Писатель замечал, как мучает людей «чудовищная неправильность» их новой жизни, исковерканной войной, которая оторвала миллионы от привычного уклада. Однако всему Восточному фронту предстояли долгие годы кровопролития и горя, прежде чем власти наконец придут к решающему завершению – причем вдали от фронта.

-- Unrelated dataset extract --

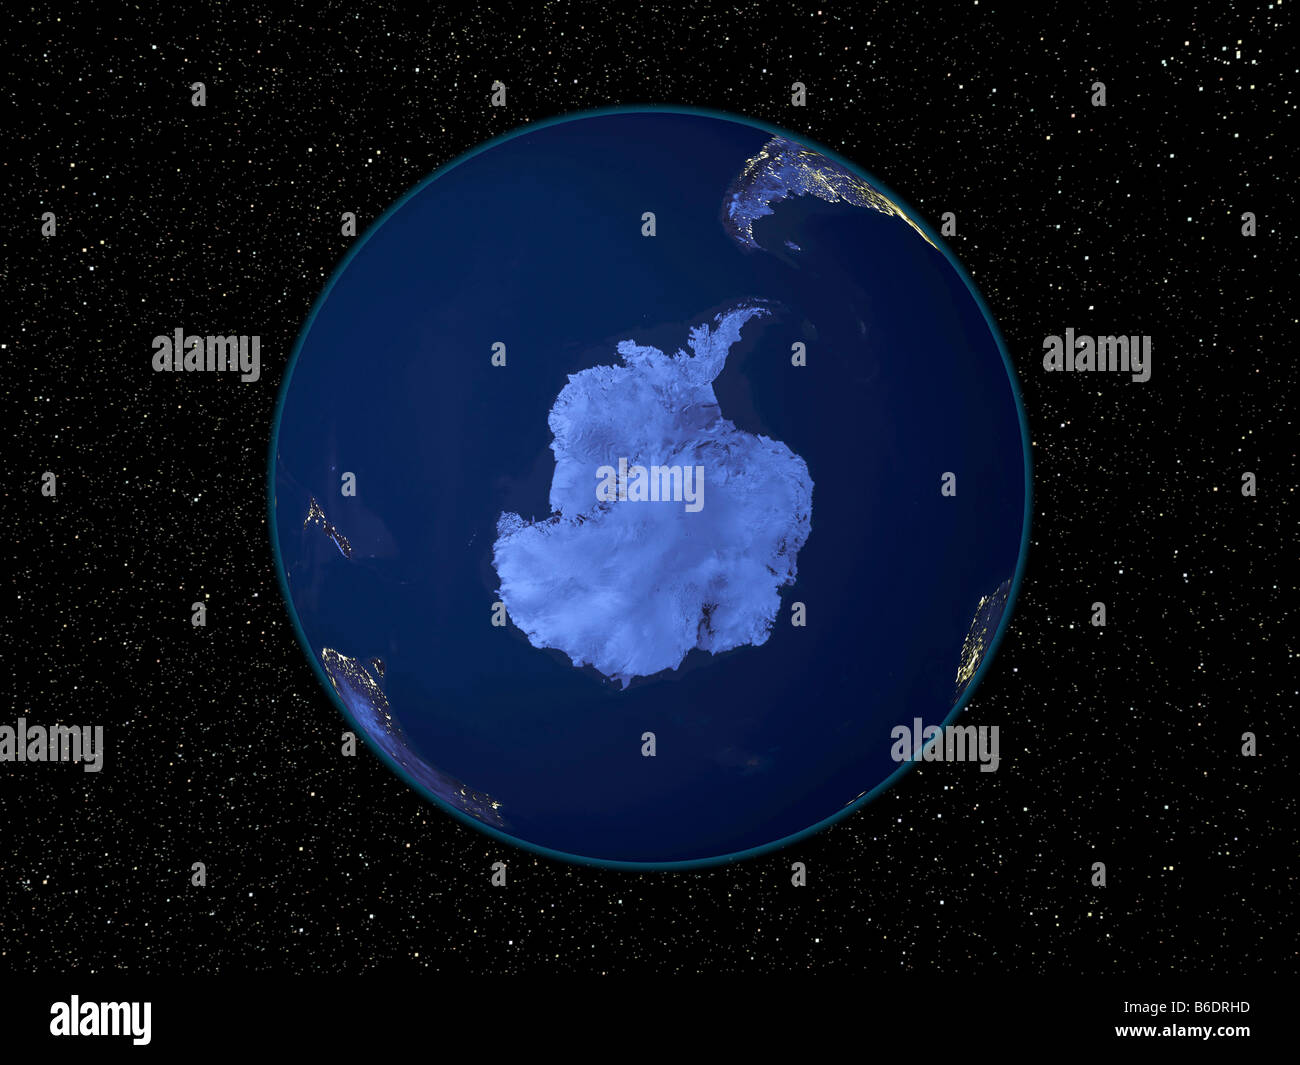 Antartide durante la notte. Immagine satellitare della terra di notte, impostata su uno sfondo di stelle, centrato sull'Antartide. Foto Stock

2. Последний триумф сербов
Сербский фронт, игравший в общей картине войны самую незначительную роль, заметно подтолкнул империю Габсбургов к окончательному развалу. Точно так же, как в Галиции и в Западной Европе, зима только добавила воюющим страданий. Австрийский лейтенант Роланд Вюстер содрогался, глядя, как дикие звери пожирают внутренности у сербских трупов. Алекс Паллавичини описывал трудности с автомобилями, постоянно вязнущими в грязи, из которой их можно было вытянуть только лошадьми, – позор для техники XX века. Ремонт затрудняли перебои с запчастями, и топлива тоже часто не хватало. Что до сербов, какими бы успехами ни радовала армия, гражданским приходилось очень и очень несладко. Заместитель главного врача белградской психиатрической лечебницы доктор Шайнович писал в отчаянии 2 ноября: «Если вскоре не наступит мир, я и сам попрошусь в палату к своим пациентам. Курю как сумасшедший и хлещу tinktura energika [смесь ракии с коньяком], но энергии она мне больше не прибавляет!»{1058} Когда сигареты стало не достать, некоторые приучились курить сушеные листья.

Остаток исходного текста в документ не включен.